Suing for the Access to Water Corporations already have begun suing governments to gain access to domestic water sources. The first such NAFTA Chapter 11 case (Sun Belt Water Inc. vs. Canada) was filed in the fall of 1998. Sun Belt Water Inc. of Santa Barbara, Calif., filed suit after losing a contract to deliver Canadian water to California when British Columbia banned the export of bulk water in 1991. Sun Belt is seeking $220 million in damages. However, Sunbelt appears more interested in access to BC's water than the $220 million. As Sun Belt's CEO Jack Lindsay explained, "Because of NAFTA, we are now stakeholders in the national water policy in Canada."

Chapter 11 was also used successfully by the Virginia-based Ethyl Corp. to force Canada to reverse its ban on MMT, a toxic chemical gasoline additive. In June 1997, Canada banned the cross-border sale of MMT because it is, in the words of Canadian Prime Minister Jean Chretien, an "insidious neurotoxin." Under NAFTA, Ethyl sued Canada for $250 million in damages for lost future profits and for damaging the company's "good name." Rather than allow the case to go to a NAFTA tribunal where it feared losing, the Canadian government reversed its ban in July 1998 and paid Ethyl $13 million in compensation for its "trouble."

In July 1999, Canadian-owned Methanex Corp. sued the US for $970 million after California Gov. Gray Davis mandated the removal of methyl tertiary butyl ether (MTBE) from gasoline sold in the state by December 31, 2002. The chemical has been associated with human neurotoxicological effects and may cause cancer. Methanex claims that California's ban violates NAFTA by limiting the corporation's ability to sell MTBE.

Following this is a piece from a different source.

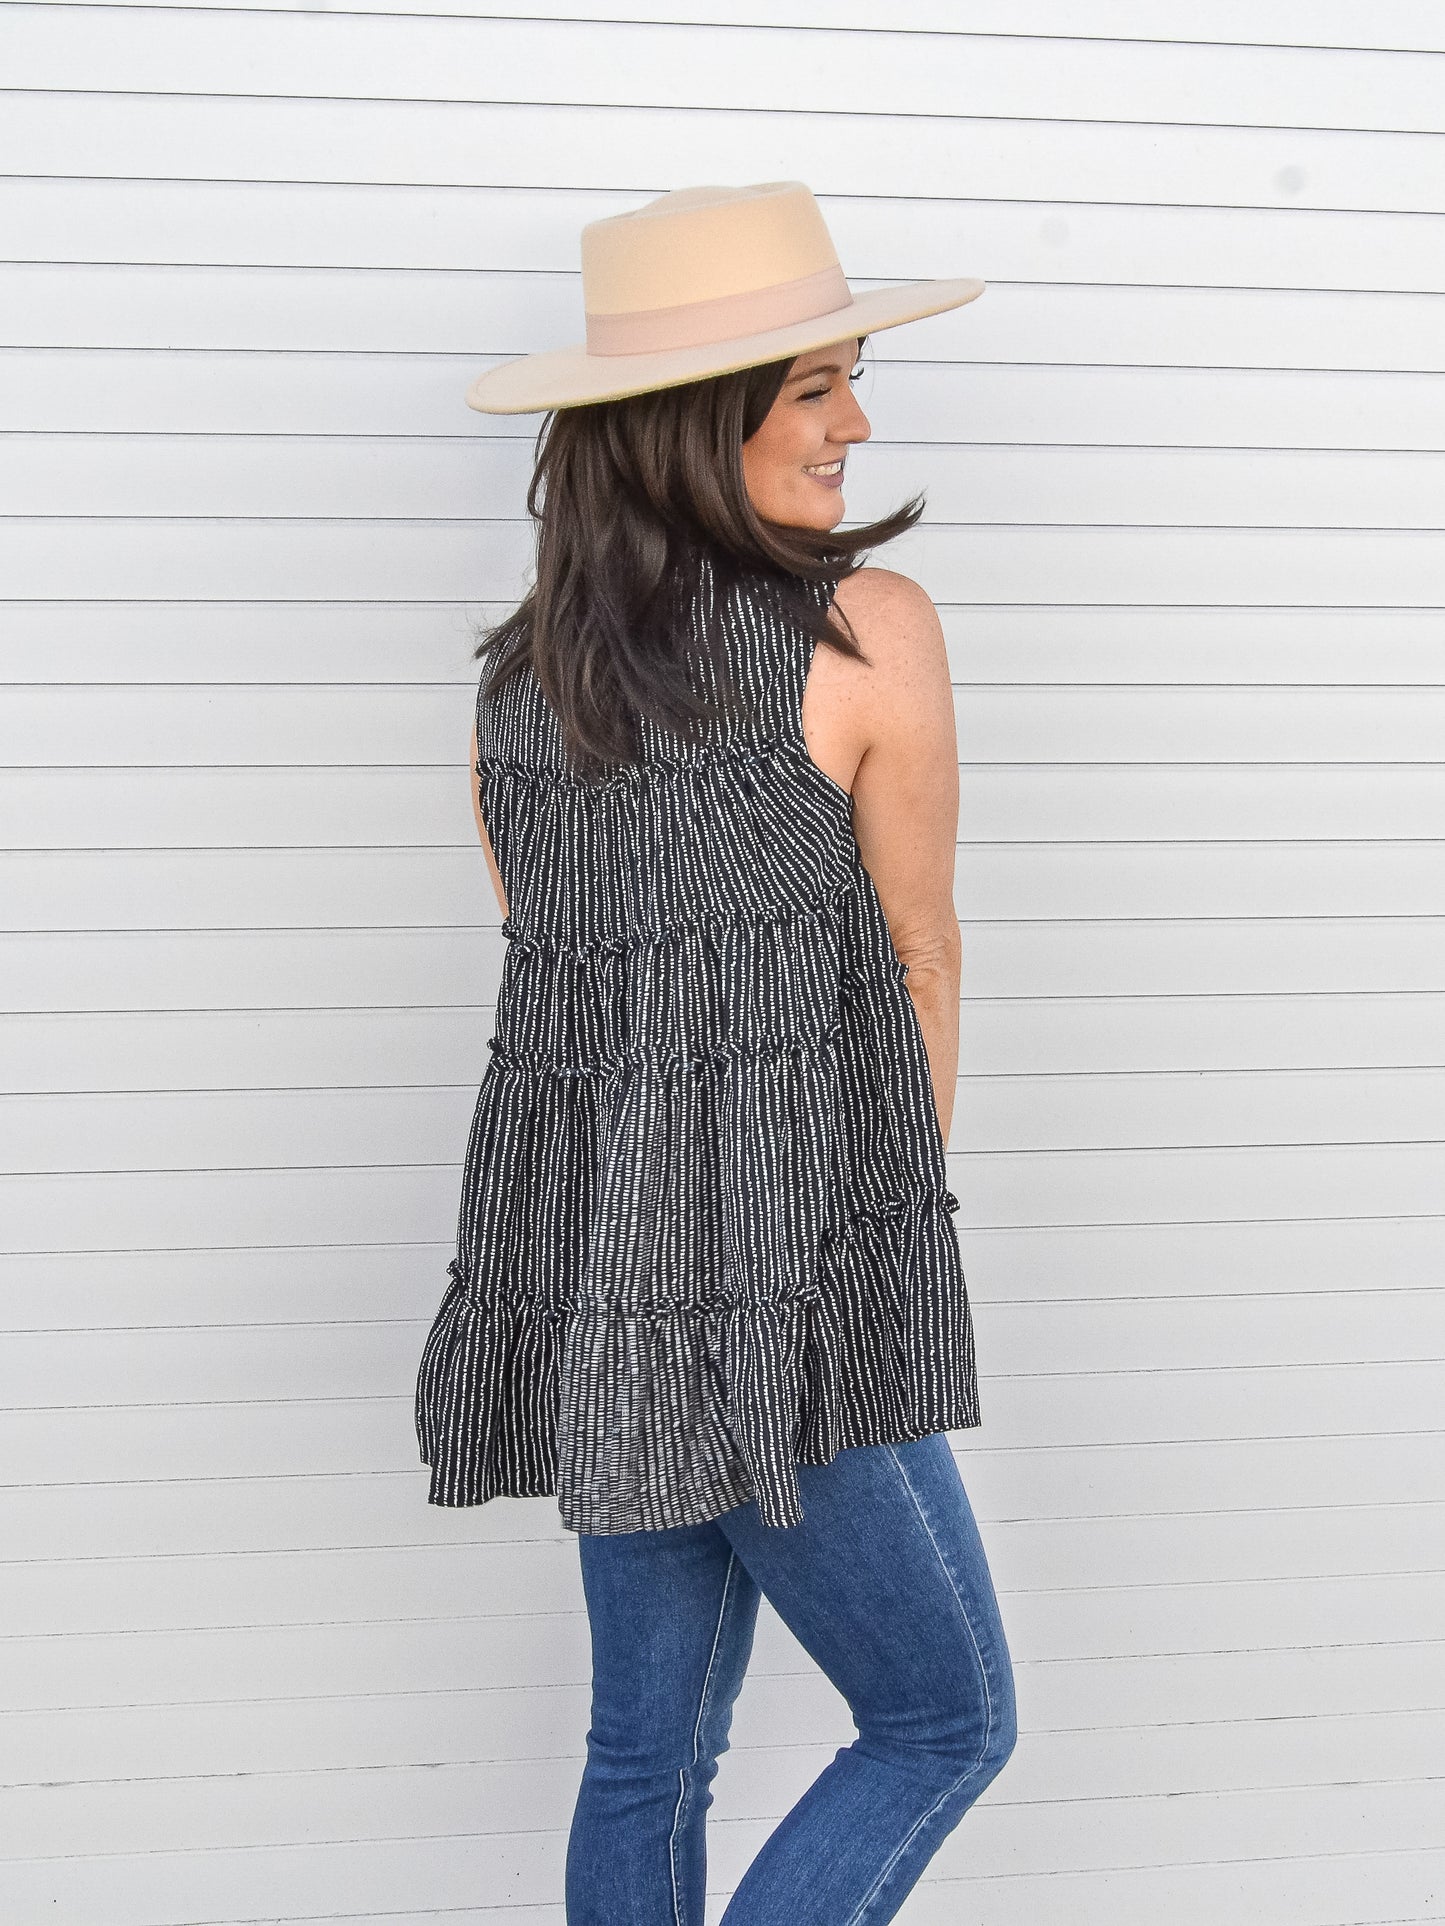 Back view of tiered sleeveless top.

Water as a Human Right In January 2000, thousands of citizens of Cochabamba, Bolivia took to the streets to oppose the takeover of their water systems by a company jointly owned by the US-based multinational Bechtel and the Italian utility Edison ["Bolivia's Water War Victory," Autumn 2000]. The rebellion, which shut the city down for four days, was sparked after the foreign-owned water corporation raised Cochabamba's water rates 35 percent.

Bolivian President Hugo Banzer was eventually forced to lift martial law and Bechtel was compelled to abandon its Bolivian water-privatization scheme.

An international "civil summit" of farmers, workers, indigenous people, students, professionals, environmentalists, educators and nongovernmental organizations from Bolivia, Canada, India, Brazil and the US subsequently gathered in Cochabamba to combine forces in the defense of the vital right to water. At the conclusion of the summit, they issued "The Cochabamba Declaration" which reads, in part:

Water belongs to the Earth and all species and is sacred to life. Therefore, the world's water must be conserved, reclaimed and protected for all future generations and its natural patterns respected. Water is a fundamental human right and a public trust to be guarded by all levels of governments. Therefore it should not be commodified, privatized or traded for commercial purposes. These rights must be enshrined at all levels of government. An international treaty must ensure these principles are noncontrovertable.